Aggregating data#
Data aggregation refers to a process where we combine data into groups. When doing spatial data aggregation, we merge the geometries together into coarser units (based on some attribute), and can also calculate summary statistics for these combined geometries from the original, more detailed values. For example, suppose that we are interested in studying continents, but we only have country-level data like the country dataset.
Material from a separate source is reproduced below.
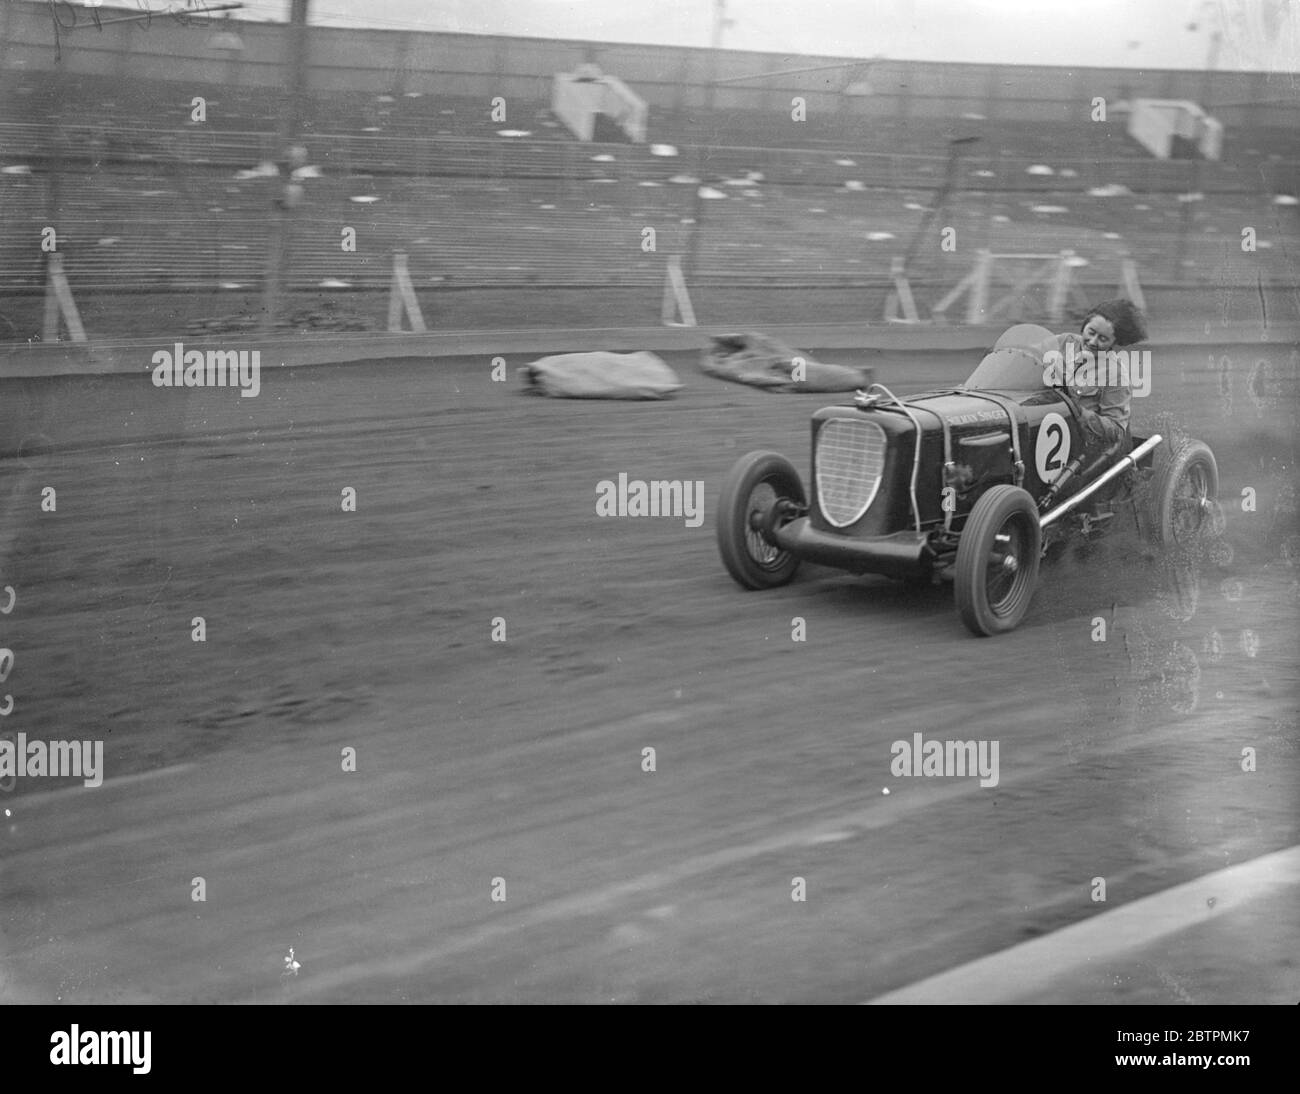 Hair raising . Woman driver takes up midget car racing . Fay Taylor , well known racing driver and once holder of the women ' s speedway championship , is now taking up midget car racing . She will compete all over the country . Photo shows , Fay Taylor ' s hair blowing in the wind as she hurtles round track in a practice run at West Ham Stadium . 19 August 1936 Stock Photo

If we aggregate the data by continent, we would convert the country-level data into a continent-level dataset.
In this tutorial, we will aggregate our travel time data by car travel times (column car_r_t
), i.e. the grid cells that have the same travel time to Railway Station will be merged together.
Let’s start with loading intersection.gpkg
, the output file of the previous section:
[1]:
import pathlib
NOTEBOOK_PATH = pathlib.Path().resolve()
DATA_DIRECTORY = NOTEBOOK_PATH / "data"
[2]:
import geopandas
intersection = geopandas.read_file(DATA_DIRECTORY / "intersection.gpkg")
For doing the aggregation we will use a method called dissolve()
that takes as input the column that will be used for conducting the aggregation:
[3]:
# Conduct the aggregation
dissolved = intersection.dissolve(by="car_r_t")
# What did we get
dissolved.head()
[3]:
geometry | car_m_d | car_m_t | car_r_d | from_id | pt_m_d | pt_m_t | pt_m_tt | pt_r_d | pt_r_t | pt_r_tt | to_id | walk_d | walk_t | GML_ID | NAMEFIN | NAMESWE | NATCODE | |
---|---|---|---|---|---|---|---|---|---|---|---|---|---|---|---|---|---|---|
car_r_t | ||||||||||||||||||
-1 | MULTIPOLYGON (((384750 6670000, 384500 6670000... | -1 | -1 | -1 | 5913094 | -1 | -1 | -1 | -1 | -1 | -1 | -1 | -1 | -1 | 27517366 | Helsinki | Helsingfors | 091 |
0 | POLYGON ((385750 6672000, 385750 6672250, 3860... | 0 | 0 | 0 | 5975375 | 0 | 0 | 0 | 0 | 0 | 0 | 5975375 | 0 | 0 | 27517366 | Helsinki | Helsingfors | 091 |
7 | POLYGON ((386250 6671750, 386000 6671750, 3857... | 1051 | 7 | 1051 | 5973739 | 617 | 5 | 6 | 617 | 5 | 6 | 5975375 | 448 | 6 | 27517366 | Helsinki | Helsingfors | 091 |
8 | MULTIPOLYGON (((386000 6671500, 385750 6671500... | 1286 | 8 | 1286 | 5973736 | 706 | 10 | 10 | 706 | 10 | 10 | 5975375 | 706 | 10 | 27517366 | Helsinki | Helsingfors | 091 |
9 | MULTIPOLYGON (((385000 6671250, 385000 6671500... | 1871 | 9 | 1871 | 5970457 | 1384 | 11 | 13 | 1394 | 11 | 12 | 5975375 | 1249 | 18 | 27517366 | Helsinki | Helsingfors | 091 |
Let’s compare the number of cells in the layers before and after the aggregation:
[4]:
print(f"Rows in original intersection GeoDataFrame: {len(intersection)}")
print(f"Rows in dissolved layer: {len(dissolved)}")
Rows in original intersection GeoDataFrame: 3826
Rows in dissolved layer: 51
Indeed the number of rows in our data has decreased and the Polygons were merged together.
What actually happened here? Let’s take a closer look.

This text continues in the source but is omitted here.